To solve this problem, let’s break down each part and calculate the required values using differentials.

Given:

• Edge length of the cube, $x = 15$ cm.
• Possible error in measurement, $dx = 0.1$ cm.

We need to find:

1. The maximum possible error, relative error, and percentage error in computing:
   • (a) the volume of the cube.
   • (b) the surface area of the cube.

(a) Volume of the Cube

The volume $V$ of a cube with edge length $x$ is given by: $V = x^3$

1. Differential of Volume

To estimate the maximum possible error in the volume, we use the differential: $dV = 3x^2 \cdot dx$

Plugging in the values: $dV = 3 \times (15)^2 \times 0.1 = 3 \times 225 \times 0.1 = 67.5 \, \text{cm}^3$

So, the maximum possible error in volume is $67.5 \, \text{cm}^3$.
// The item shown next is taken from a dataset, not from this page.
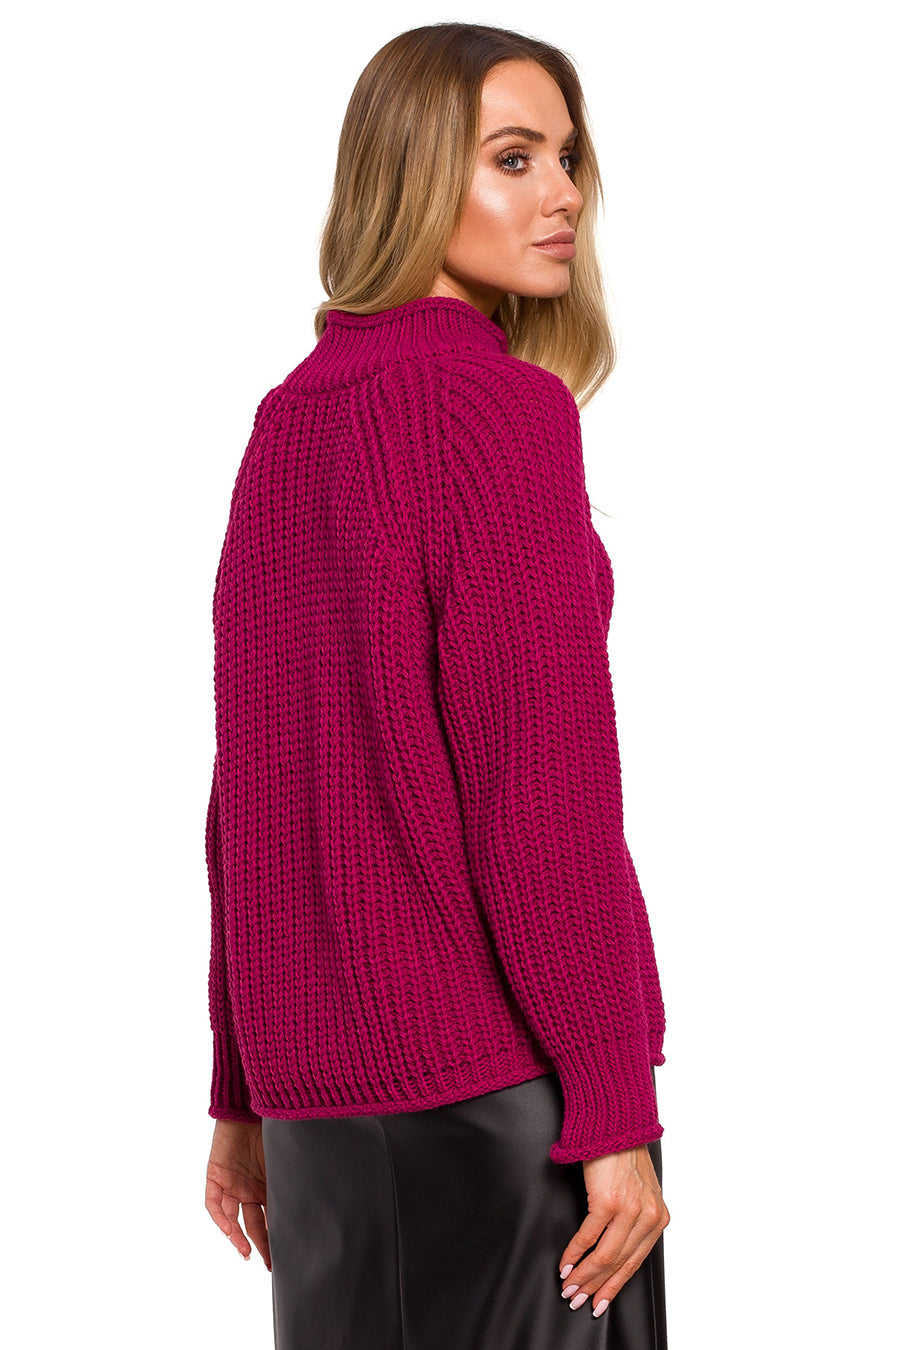 Дамски пуловер Audelia, Розов 4
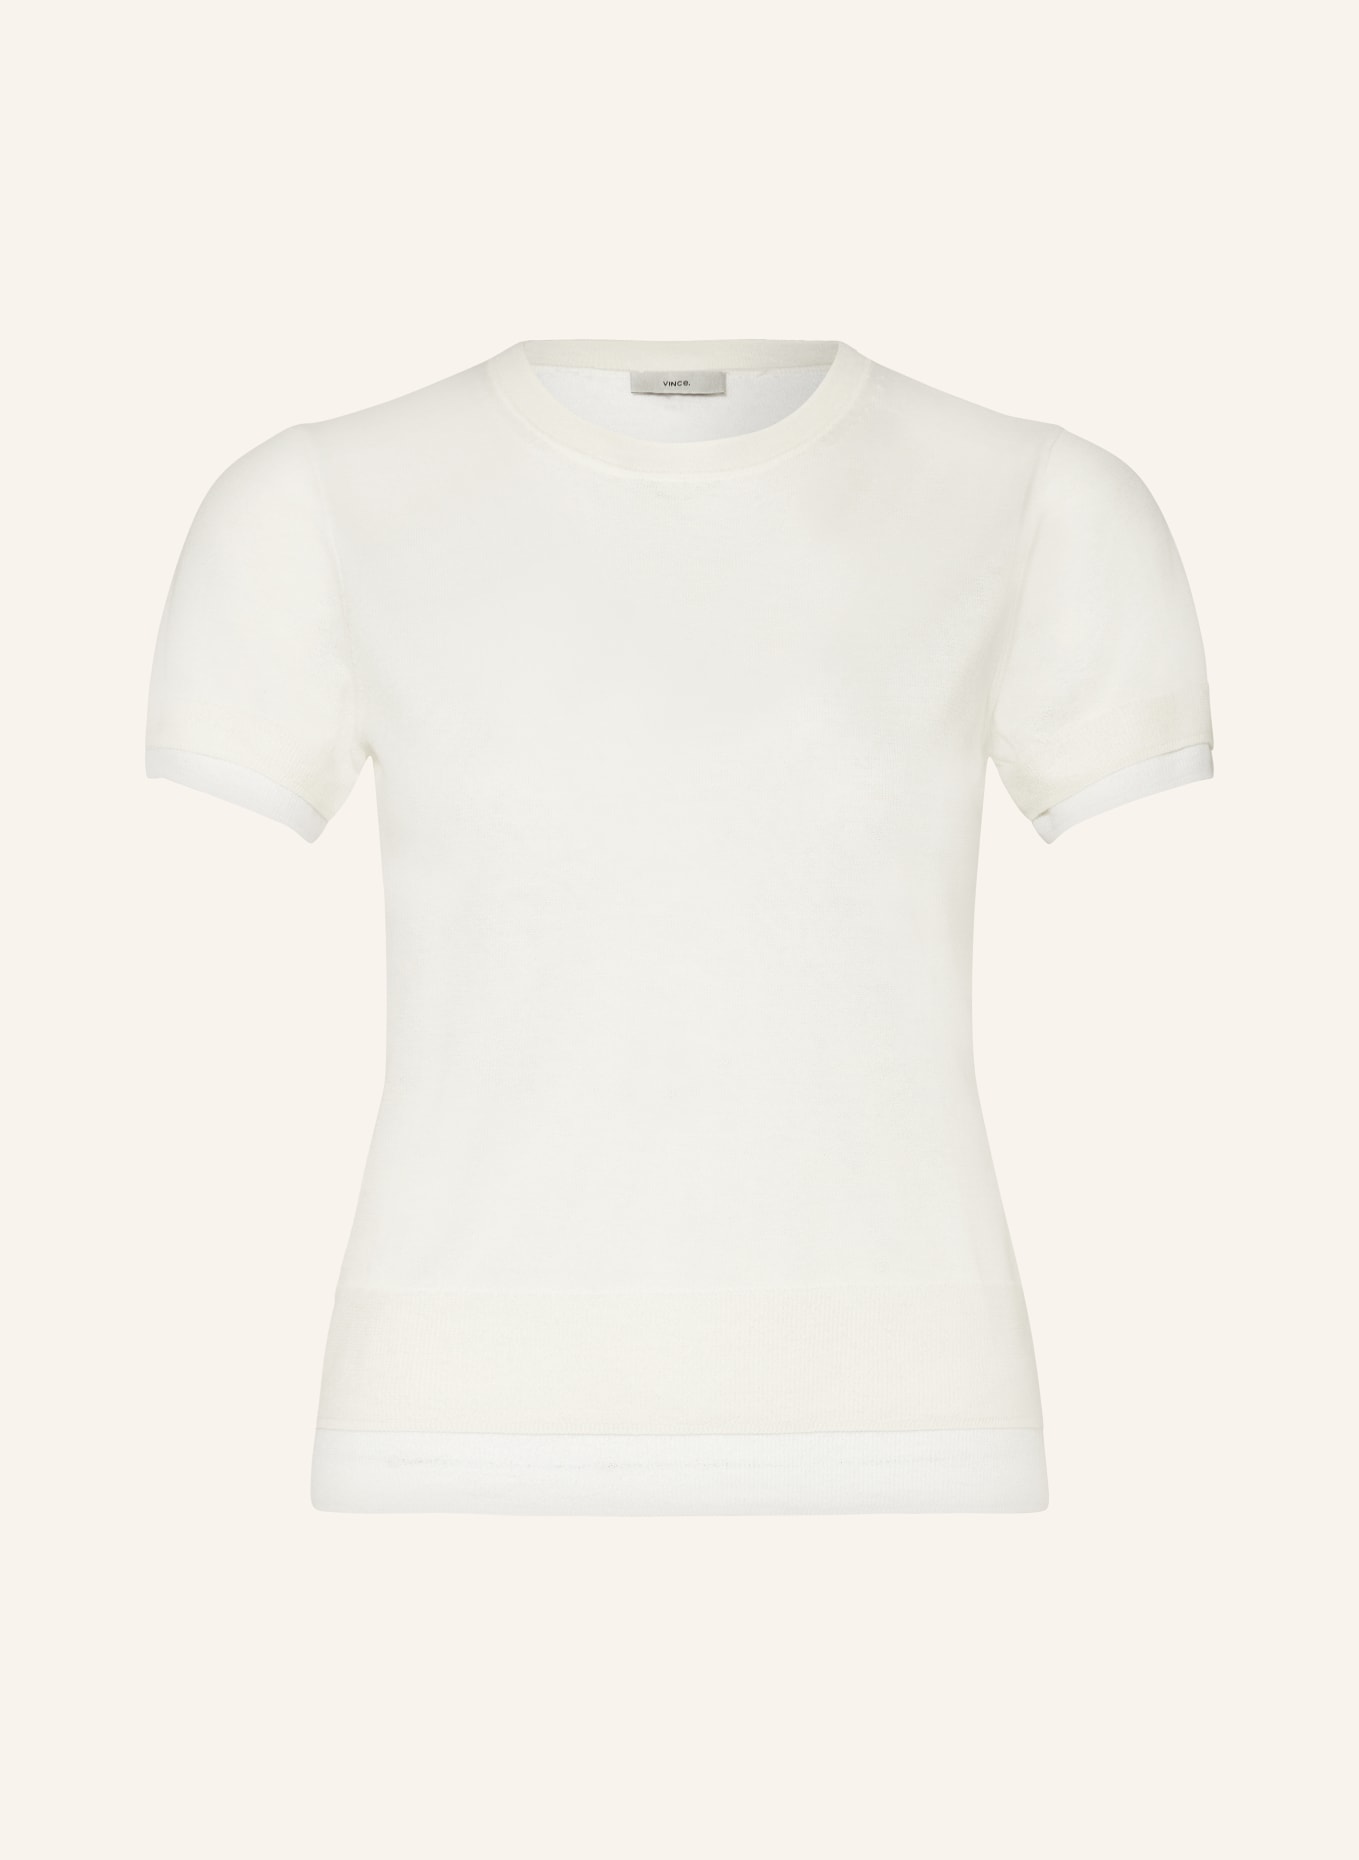 VINCE T-shirt, Color: CREAM (Image 1)

2. Relative Error in Volume

The relative error is given by: $\text{Relative Error} = \frac{dV}{V}$

Calculating $V$ with $x = 15$: $V = 15^3 = 3375 \, \text{cm}^3$

Then, $\text{Relative Error} = \frac{67.5}{3375} \approx 0.02$

So, the relative error in volume (rounded to four decimal places) is $0.0200$.

3. Percentage Error in Volume

The percentage error is simply the relative error multiplied by 100: [ \text{Percentage Error}